## EXERCISE OBJECTIVE
Restate the listing below word for word, and leave its pictures behind.

## GIVEN INFORMATION
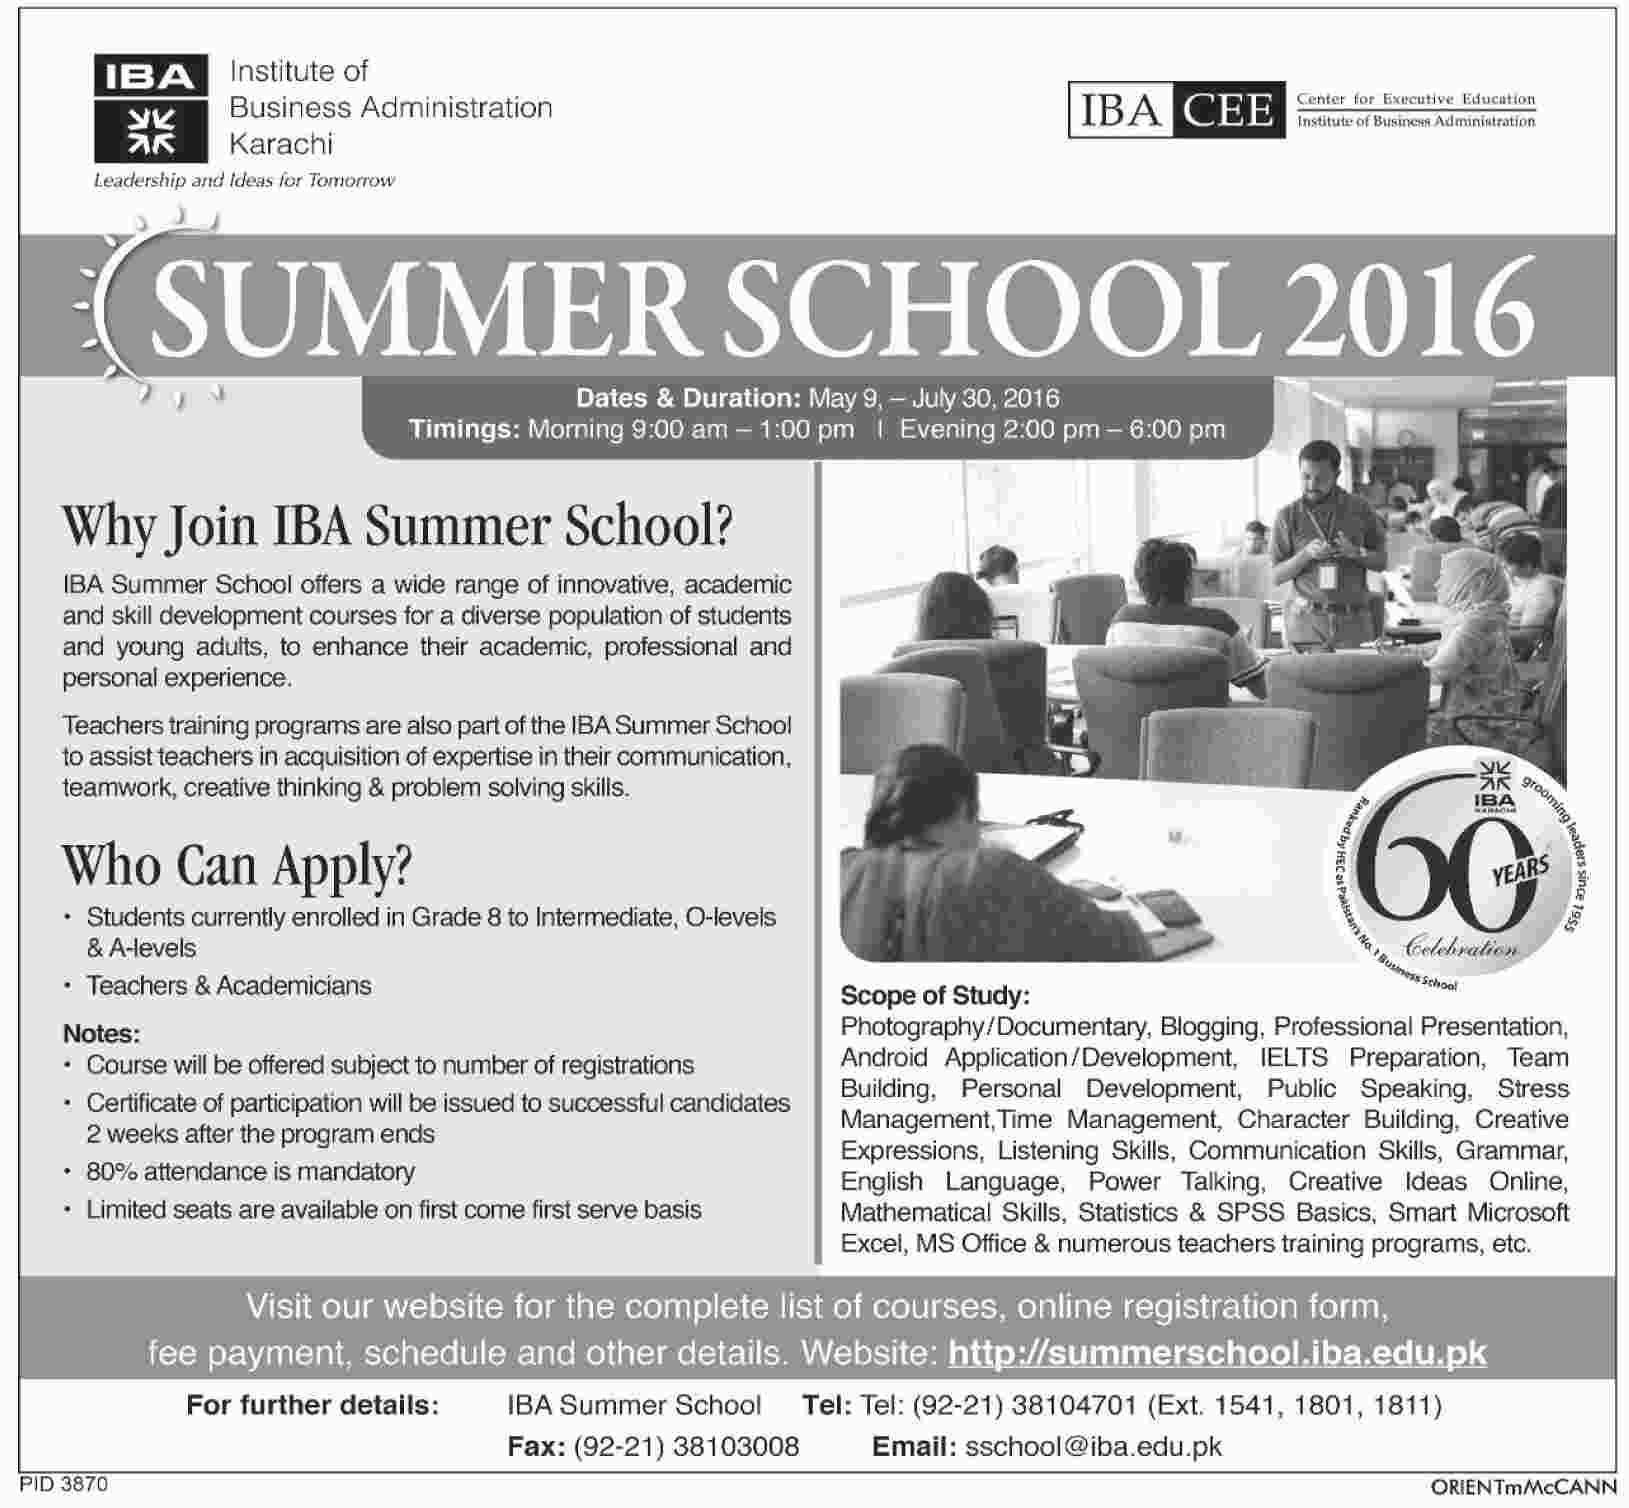 IBA Summer School 2016
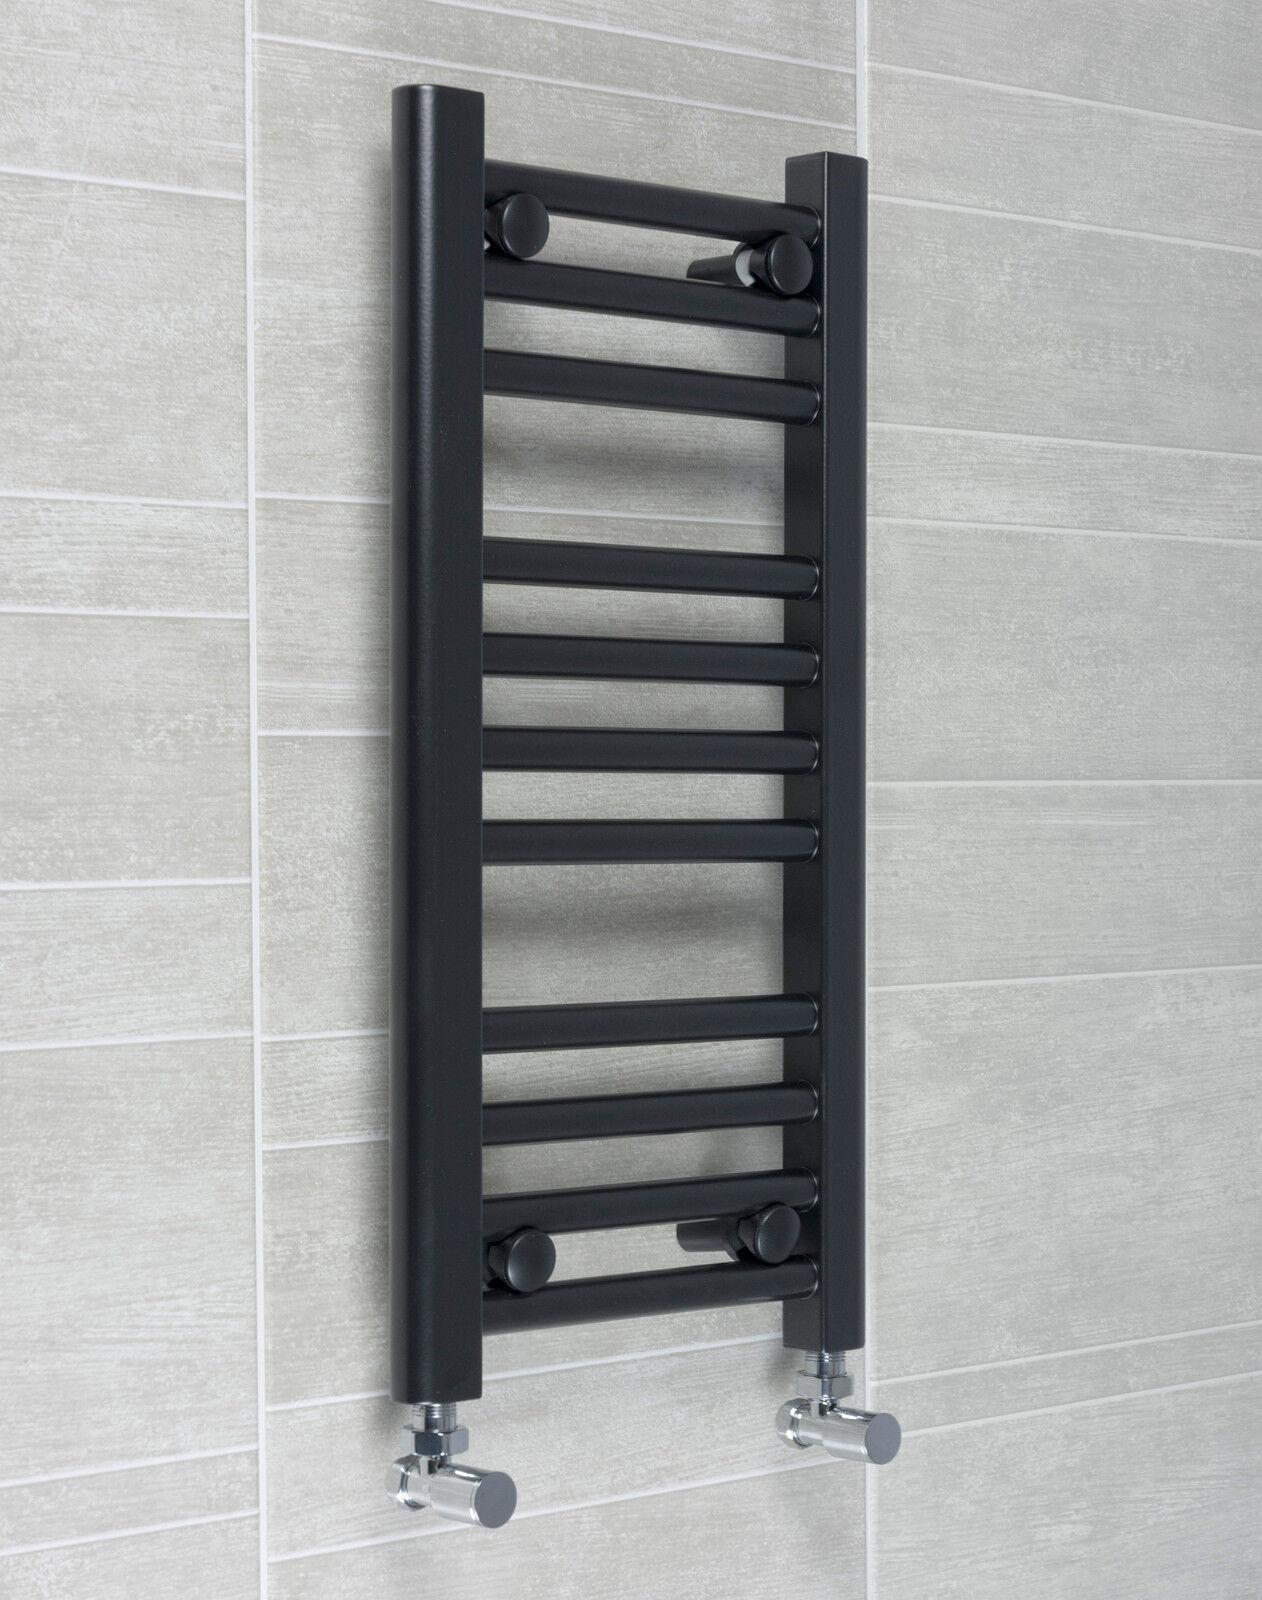 300mm wide black designer electric heated towel rail radiator straight bathroom ebay for Electric heated towel rails for bathrooms
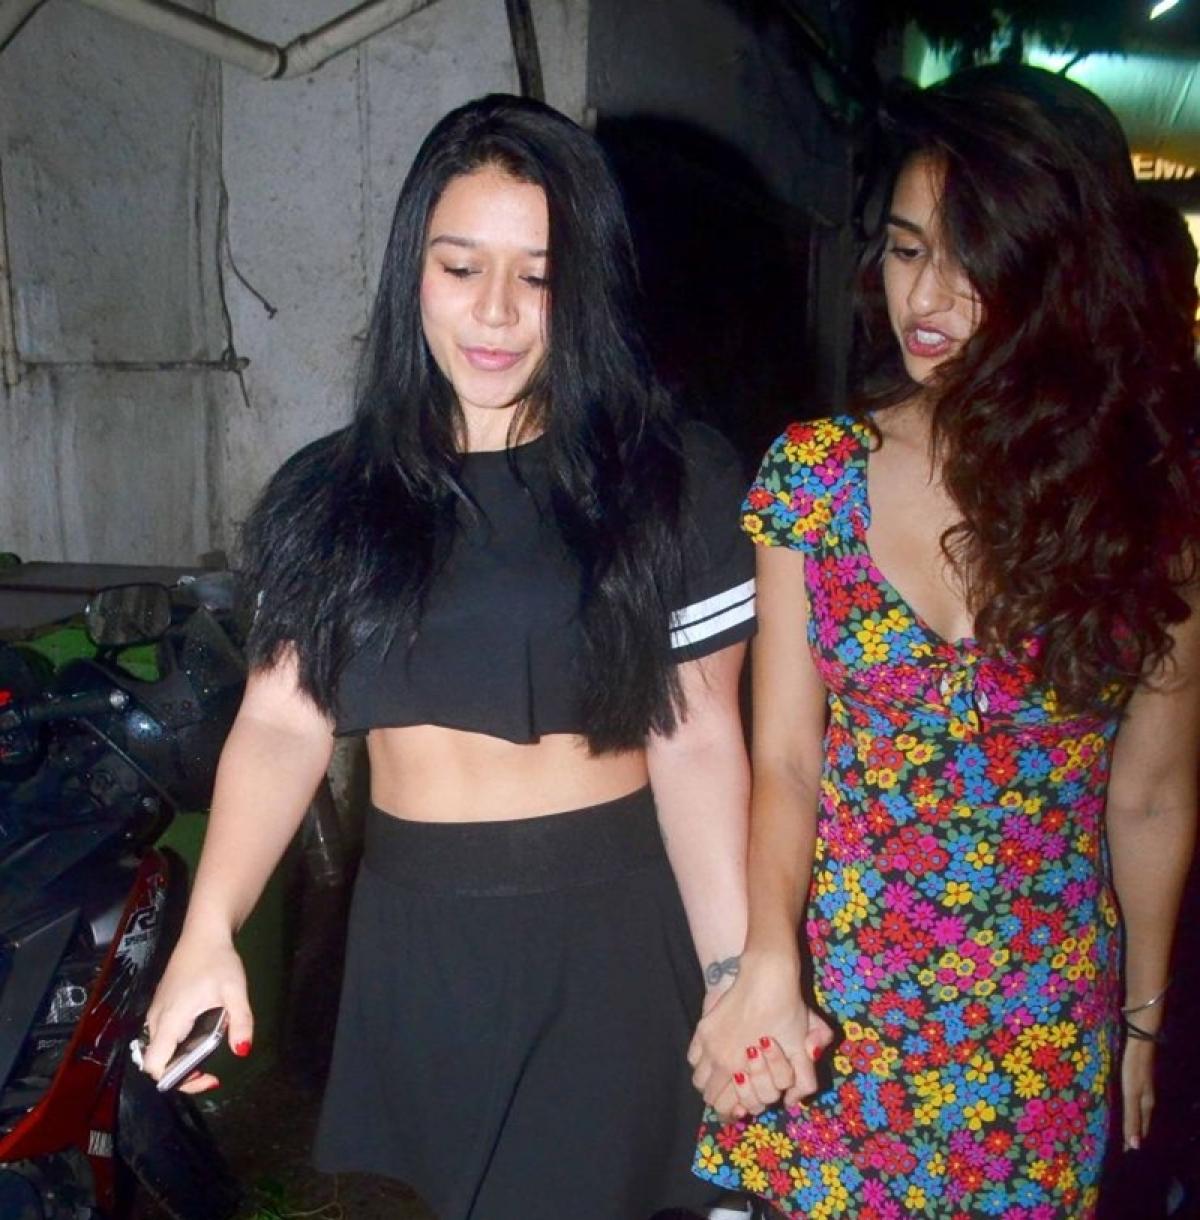 New BFFs of Bollywood: Tiger Shroff's alleged girlfriend Disha Patani and sister Krishna Shroff spotted together

## REPLY
 IBA Summer School 2016
 300mm wide black designer electric heated towel rail radiator straight bathroom ebay for Electric heated towel rails for bathrooms
 New BFFs of Bollywood: Tiger Shroff's alleged girlfriend Disha Patani and sister Krishna Shroff spotted together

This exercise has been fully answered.